First: Install Certbot

Certbot is a tool from Let's Encrypt that automatically generates a request and installs a certificate. To install Certbot, follow the instructions for your OS:

For Ubuntu/Debian:

sudo apt update

sudo apt install certbot

For CentOS/RHEL:

sudo yum install epel-release

sudo yum install certbot

Second: Start Certbot

Use Certbot to create a request and retrieve a certificate. Depending on the server, the command may vary slightly. For example:

For Apache:

sudo certbot --apach

For Nginx:

sudo certbot --nginx

If you are not using a server, you can create the certificate manually:

sudo certbot certonly --standalone

Certbot will ask you to enter your domain name and e-mail address. After that it will create a request and send it to Let's Encrypt.

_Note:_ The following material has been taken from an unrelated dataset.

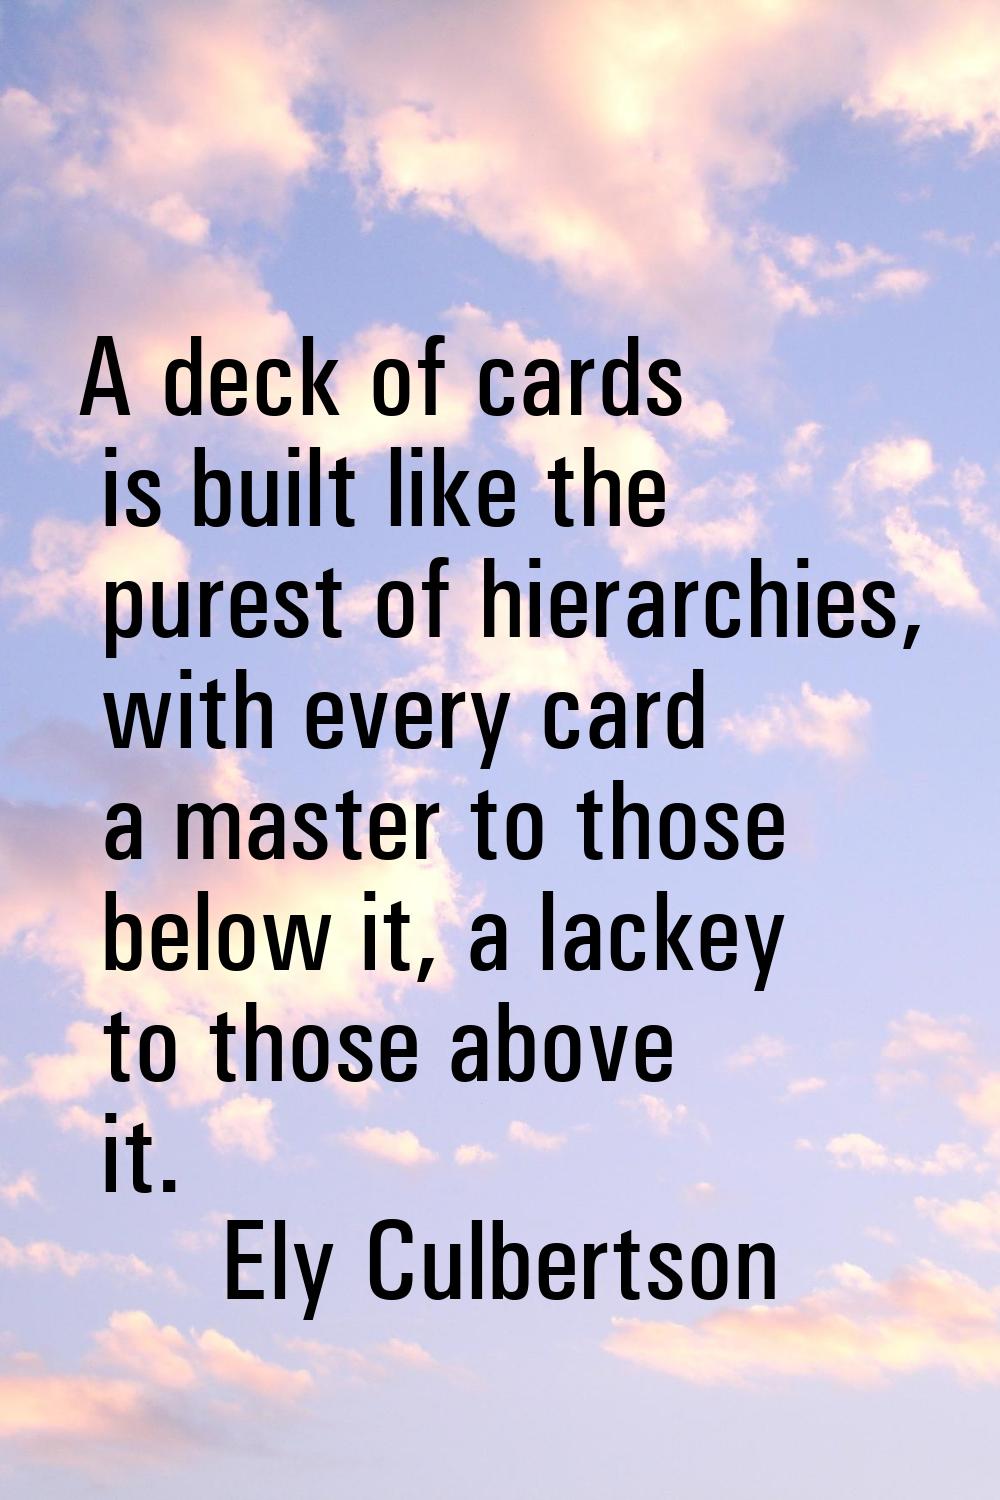 A deck of cards is built like the purest of hierarchies, with every card a master to those below it

Third: Install the certificate

Certbot will automatically install and configure the certificate on the server. If this does not happen, you can copy and install the certificate manually. The instructions in the Certbot documentation will help you here.

Fourth: Set up automatic updates

SSL certificates from Let's Encrypt are valid for 90 days, so you need to configure automatic renewal. To automatically renew certificates, add this line to crontab:

0 0 * * * /usr/bin/certbot renew --quiet

Fifth: Confirm domain rights

Follow your ISP's instructions to confirm that you own the domain. This may include sending confirmation documents or performing simple actions on the website.

That's it. The installation of the free certificate from Let's Encrypt is complete.

Don't forget that SSL/TLS certificates are like a lock on the door of your house. If the lock is rusted or broken, you need to replace it to protect your property. Similarly, it's important to keep your certificates up to date. Update them on time to avoid risks and keep user data safe.